Design an algorithm for performing insertion sort. Analyze its time efficiency; apply the same to sort the following number. 89 45 68 90 29 34 17

Insertion Sort is a simple and intuitive comparison-based sorting algorithm. It builds the sorted array one element at a time by repeatedly taking the next element and inserting it into its correct position within the already sorted part of the array.
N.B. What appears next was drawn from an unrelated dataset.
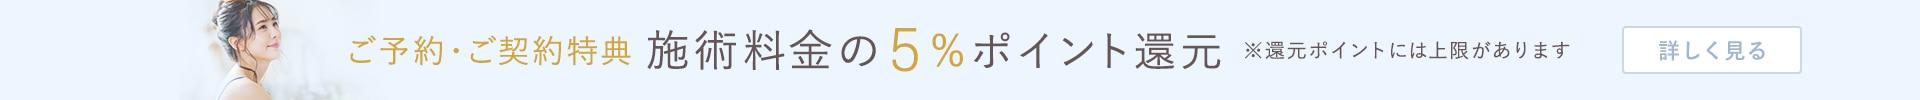 ご予約・ご契約特典 施術料金の5%ポイント還元

Algorithm for Insertion Sort:

1. Start with the second element (index 1) assuming the first element (index 0) is already sorted.
2. Compare the current element with the previous elements, moving larger elements to the right to make space for the current element.
3. Repeat this process for all elements, effectively “inserting” each element into its correct position in the sorted part of the array.
4. Continue until the entire array is sorted.

Apply Insertion Sort to sort the given set of numbers: 89, 45, 68, 90, 29, 34, 17.

1. Step-by-step Sorting:

• Start with assuming the first element is already sorted.

   [89, | 45, 68, 90, 29, 34, 17]

• Insert the next element (45) in its correct position in the sorted part.

   [45, 89, | 68, 90, 29, 34, 17]

• Insert the next element (68) in its correct position in the sorted part.

   [45, 68, 89, | 90, 29, 34, 17]

• Continue this process for the remaining elements.

1. Final Sorted Array:

   [17, 29, 34, 45, 68, 89, 90]

Time Efficiency Analysis:

• Best Case Time Complexity: O(n)
• Average Case Time Complexity: O(n^2)
• Worst Case Time Complexity: O(n^2)

In the best case, when the array is already sorted, each element is compared only with the previous elements until it finds its correct position, resulting in a linear time complexity.

In the average and worst cases, Insertion Sort performs nested loops to compare and move elements, leading to a quadratic time complexity, making it inefficient for large datasets compared to more efficient sorting algorithms like Merge Sort or Quick Sort.

For the given input [89, 45, 68, 90, 29, 34, 17], Insertion Sort takes the following number of comparisons and swaps in the worst case:

• Comparisons: O(n^2)
• Swaps: O(n^2)

However, in the best-case scenario (already sorted input), Insertion Sort only requires O(n) comparisons and swaps.